Colonial prides itself on creating convenient, pedestrian-friendly, village environments that are extensively landscaped.

“It’s not an asphalt jungle,” says Light. “We want to give people an environment that they want to keep coming back to.”

Retail Redevelopments

Retail redevelopments are a big part of Colonial’s portfolio. Last month, the company hired Brian Jones as vice president of redevelopment. He previously worked for Kimco Realty Corporation.

“[Jones is] very leasing- and financially oriented,” says Neltner. “He’s trying to squeeze as much money out of each one of these assets [as possible], to really create better shopping environments in each one of them.”

The company redeveloped Beechwood Shopping Center in Athens, Georgia. When Colonial purchased the shopping center, it housed Harris Teeter, Stein Mart and some local shops.

“Through our very strong mall background, and the better tenant relationships that we’ve had, we were able to backfill that shopping center with a much better tenant mix, including Ann Taylor, Chico’s and Talbots. It’s been an absolute gem with great sales volumes — all due to Colonial’s experience with the mall tenants,” Neltner says.

“With our breadth of knowledge, we’re able to cross those boundaries and bring strip tenants into malls,” Light notes. “We’re also able to bring some of these mall tenants into the lifestyle centers.”

Many of the properties Colonial works on today don’t fall into one particular category.

“These properties don’t fall into pre-conceived categories anymore,” says Thompson. “They’re hybrids. At Brookwood Village in Birmingham, we’ve turned the ground floor inside out. It now faces outside, and we created outparcels for restaurants. Once you go inside and upstairs, it’s a traditional mall. It clearly doesn’t fall into a single category anymore. We’re also working on a project right now in Birmingham that has lifestyle center and power center tenants. It’s just a great location and all the retailers wanted to be there.”

Office & Multifamily

Because it has expertise in the office, retail and multifamily sectors, Colonial has the ability to allocate capital to each sector as it demonstrates an opportunity for growth.

“In the late 1990s, we were as much as 60 percent multifamily,” says Thompson. “Today we’re about 27 percent. Multifamily concessions are starting to burn off, and we’re seeing an improvement in economic occupancy. Because of that, we believe it’s time to increase the investment that we have in the multifamily sector. We believe that the multifamily sector has some opportunity for internal growth in the future.

“Office is going to be very opportunistic for us,” Thompson continues. “Office business is still very challenging. We’re watching that market. It’s not unlike multifamily; it’s going to turn around as well. It’s just a question of timing.”

Colonial has made a few office acquisitions this year in markets in which it already has a presence, and the company is looking for opportunities in some of the growth cities it has identified.

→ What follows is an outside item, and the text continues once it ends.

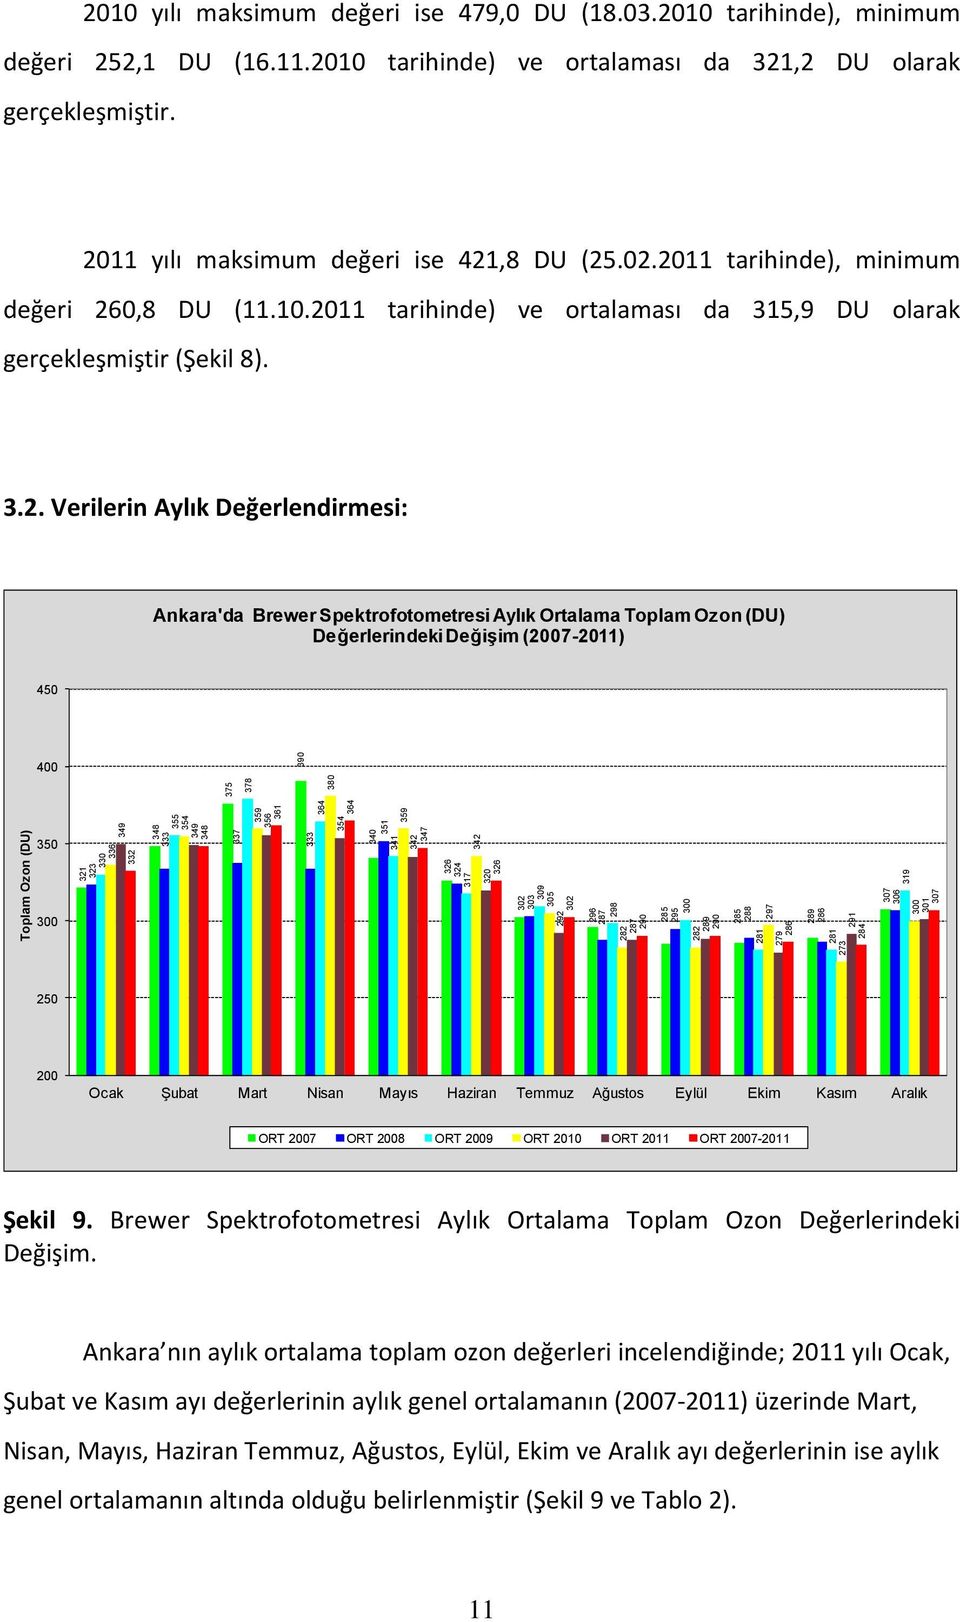 Değerlendirmesi: Ankara'da Brewer Spektrofotometresi Aylık Ortalama Toplam Ozon (DU) Değerlerindeki Değişim (2007-2011) 450 400 375 378 390 380 Toplam Ozon (DU) 350 300 321 323 330 336 349 332 348

“Pricing has been very aggressive and we just have not found something that makes a lot of sense,” Thompson explains. “One thing that we may try to do in the office sector is to make some acquisitions through joint ventures. That’s something we’ve done in multifamily and retail.”

Goals

Colonial’s overall goal is to be the star performer in real estate, and each division’s goal ties back to this corporate goal.

“We really have three constituents — shareholders, merchants/residents/ office clients, and employees,” says Thompson. Colonial is traded on New York Stock Exchange as CLP. “We want to make sure we do what’s right by each one of [our constituents]. At a time like this, when we’re looking at shifting assets into multifamily, some of these dollars that we’re creating in retail actually may go back into multifamily. At the same time, we’re also dedicating a tremendous amount of capital to our retail development pipeline. We’re trying to weight our overall business in a different way.”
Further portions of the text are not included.